Most Emerging Stocks Rise on China While Rupiah Tumbles

Most emerging-market stocks advanced, led by industrial and technology companies, amid speculation China’s economy is stabilizing. Indonesia’s rupiah retreated to the weakest level in more than four years.

The MSCI Emerging Markets Index was little changed at 932.78 as 412 stocks rose, while 344 fell. Citic Securities Co. paced gains in Chinese brokerages after the Shanghai Stock Exchange said it is considering a change in settlement rules. Russia’s Micex Index erased an earlier rally as the nation cut its 2013 growth forecast. The rupiah declined amid concern policy makers’ steps to boost dollar supply are insufficient.

Credit Suisse Group AG and Deutsche Bank AG increased their economic forecasts for China in the past week as data from manufacturing to exports indicated the world’s second-biggest economy is strengthening after a two-quarter slowdown. Concern that tension between the U.S. and Syria will escalate grew after Secretary of State John Kerry said President Barack Obama will hold Syria’s government accountable for using chemical weapons.

“The transition in the type of growth, from construction and industrial to more domestic demand, is a pretty massive shift, and I’m amazed China is beginning to pull that off,” said Doug Ramsey, the Minneapolis-based chief investment officer of Leuthold Group LLC, whose firm oversees $1.7 billion. He spoke in a phone interview. “Just given the values that have been created, I think emerging-market stocks are going to be winners in the next market up-cycle.”

Emerging ETF

The gauge of developing nations is trading at 9.9 times estimated earnings, below the valuation of developed markets of 13.7. The iShares MSCI Emerging Markets Index exchange-traded fund dropped 1.1 percent to $38.23. The Chicago Board Options Exchange Emerging Markets ETF Volatility Index, a measure of options prices on the fund and expectations of price swings, jumped 8.7 percent to 25.25.

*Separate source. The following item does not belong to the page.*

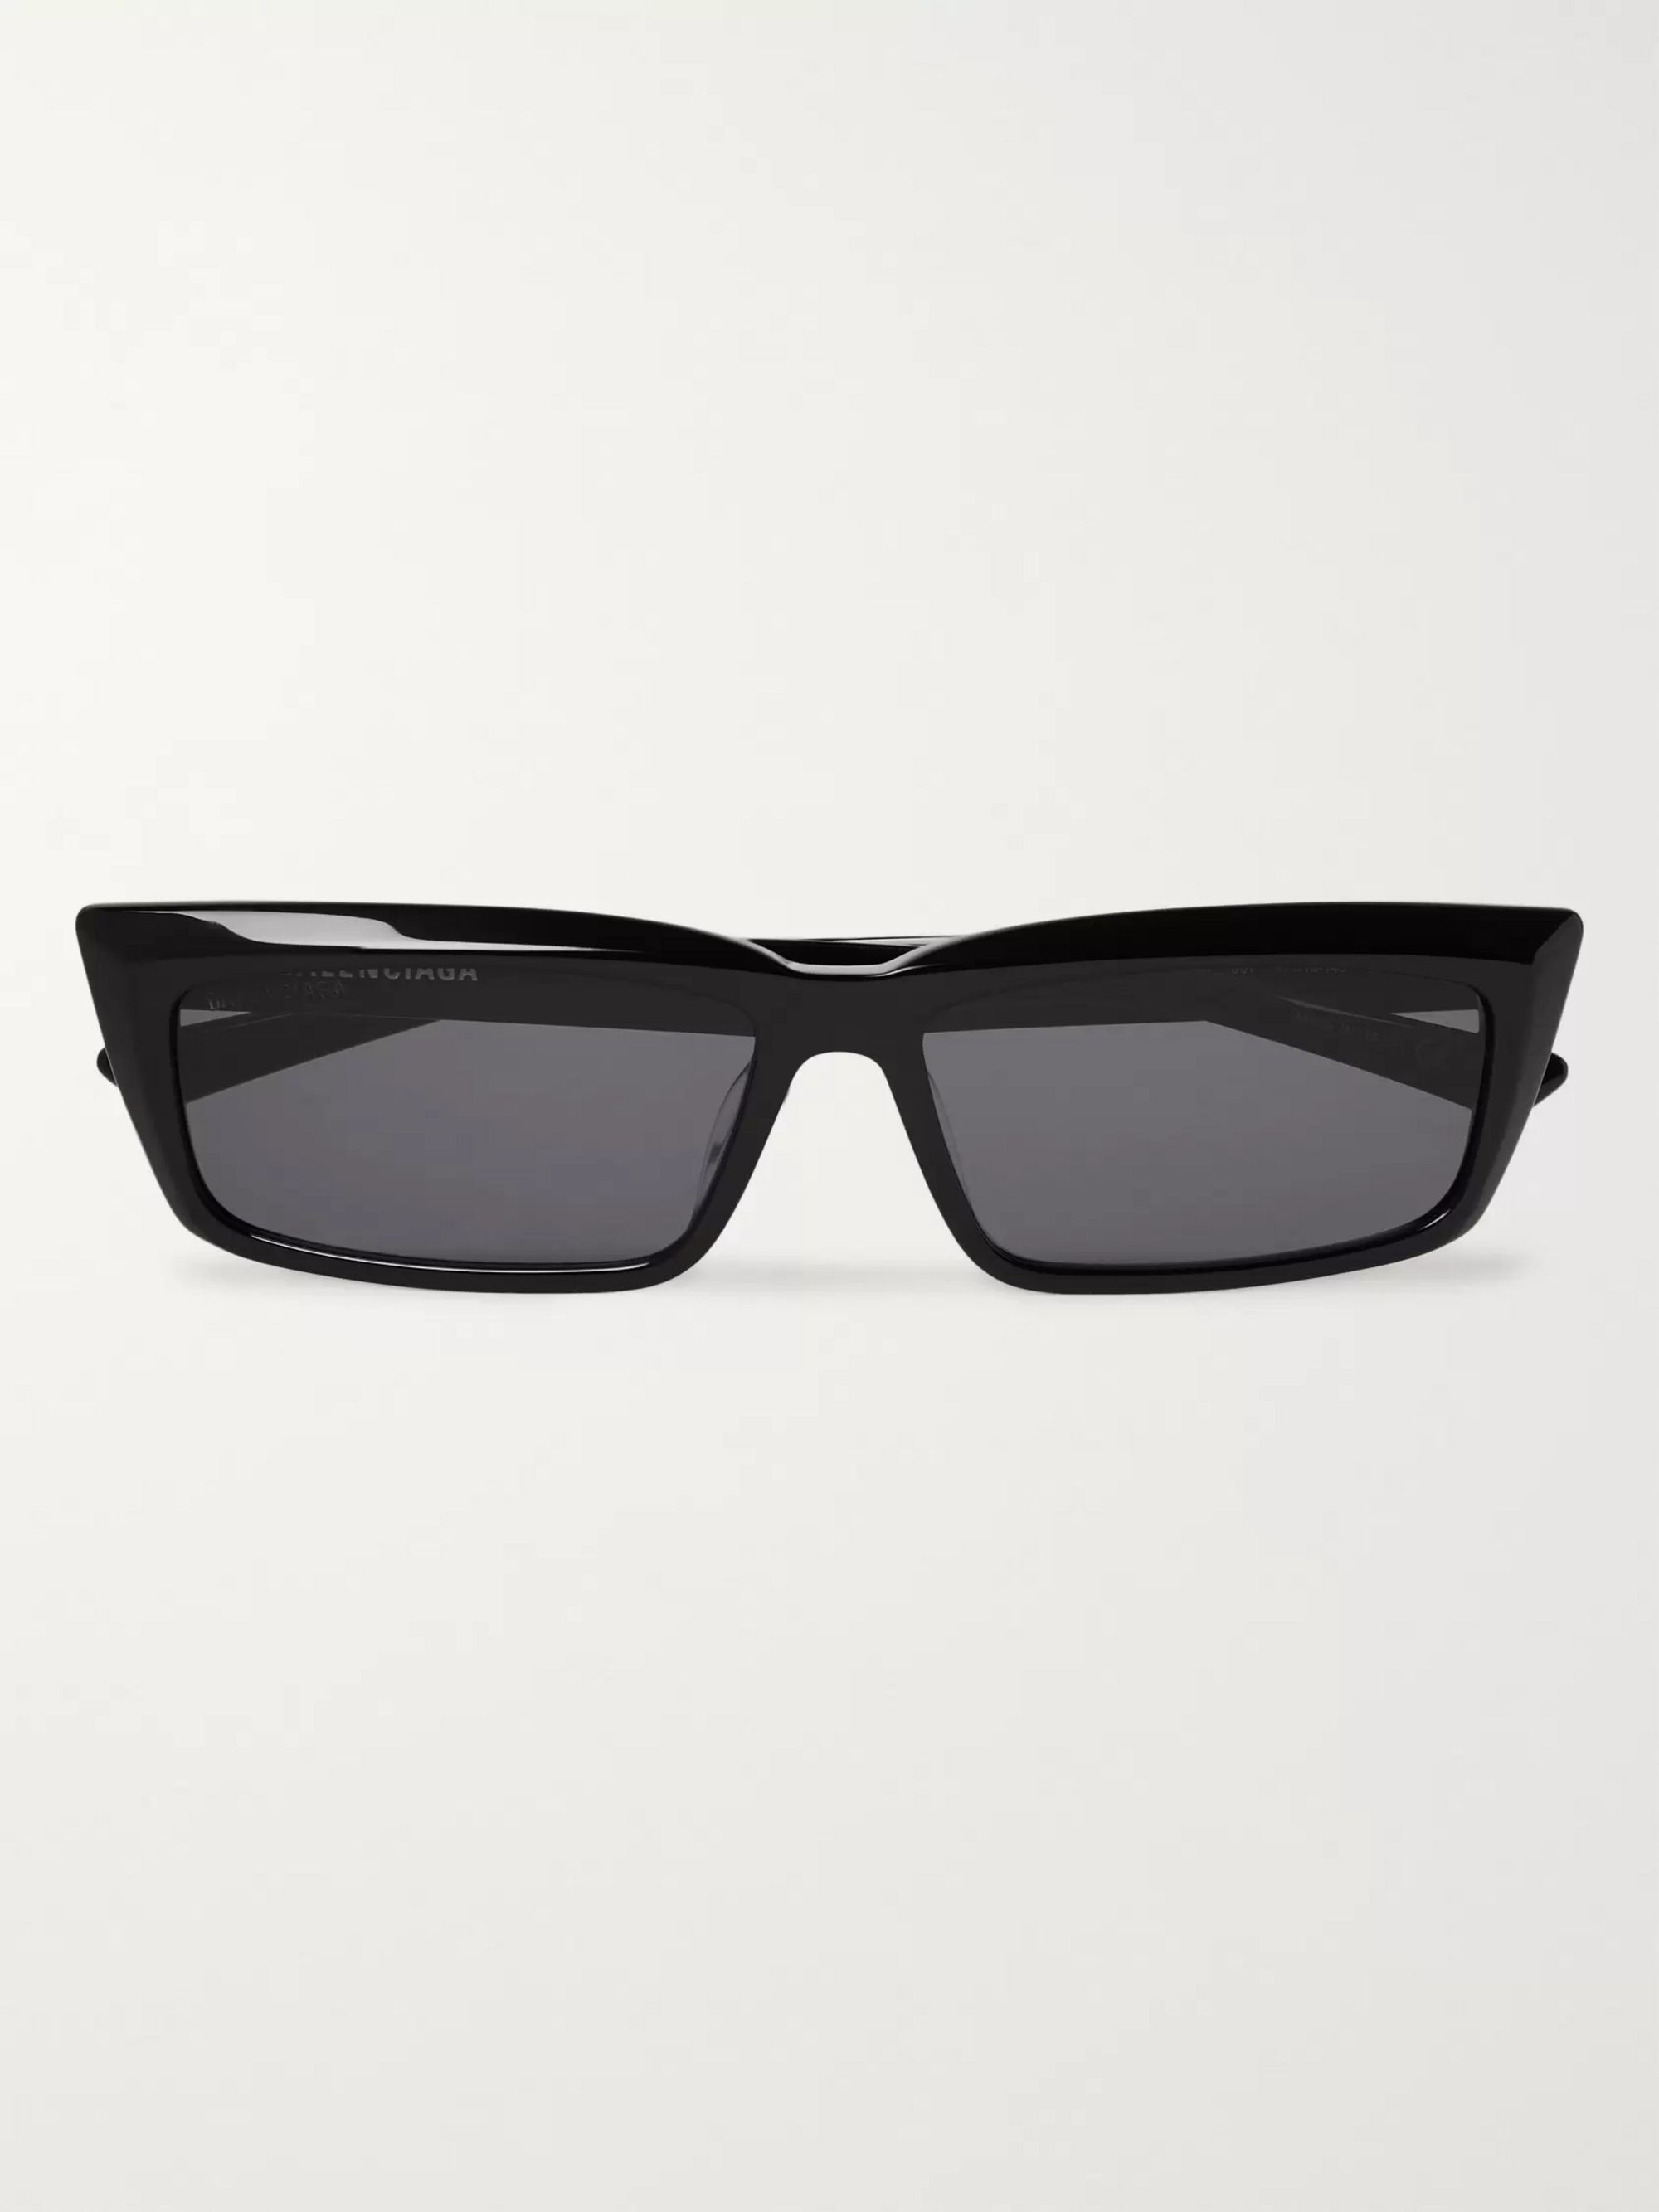 Rectangular Frame Acetate Sunglasses by Balenciaga

Brazil’s Ibovespa declined as Rossi Residencial SA led declines in homebuilders. The real weakened 1.3 percent on speculation that the central bank’s $60 billion program may be insufficient to stem the currency’s slide.

The Micex Index (INDEXCF) dropped 0.4 percent in Moscow, erasing an earlier advance of as much as 0.8 percent. Russia reduced this year’s growth estimate to 1.8 percent from 2.4 percent, Deputy Economy Minister Andrey Klepach said by phone today. OAO Uralkali tumbled after the company’s chief executive officer was detained in Belarus.

The Borsa Istanbul National 100 Index snapped a five-day slump as Turkiye Garanti Bankasi AS and Akbank TAS added more than 2 percent. The Turkish lira touched the weakest level on record as the central bank provided funds to banks at its benchmark 4.5 percent rate for the first time in six days.

Chinese Stocks

The Shanghai Composite Index rose 1.9 percent. Citic Securities and Haitong Securities Co. jumped more than 5 percent after the Shanghai Stock Exchange said it is considering a change in settlement rules that would allow investors to buy and sell a stock on the same day.

Most Indian stocks rose as producers of capital goods and software companies advanced. Bharat Heavy Electricals Ltd. (BHEL) rallied for the fourth day, helping a gauge of machinery producers to its biggest three-day climb in about two months. The rupee fell the most in a week on concern slowing economic growth will make it tougher to attract investment as the U.S. prepares to rein in stimulus.

The rupiah slid 0.6 percent to 10,848 per dollar as of 4 p.m. in Jakarta, after earlier reaching 10,883, the weakest level since April 2009, according to prices from local banks.

The premium investors demand to own emerging-market debt over U.S. Treasuries rose 0.02 percentage point to 347 basis points, according to JPMorgan Chase & Co.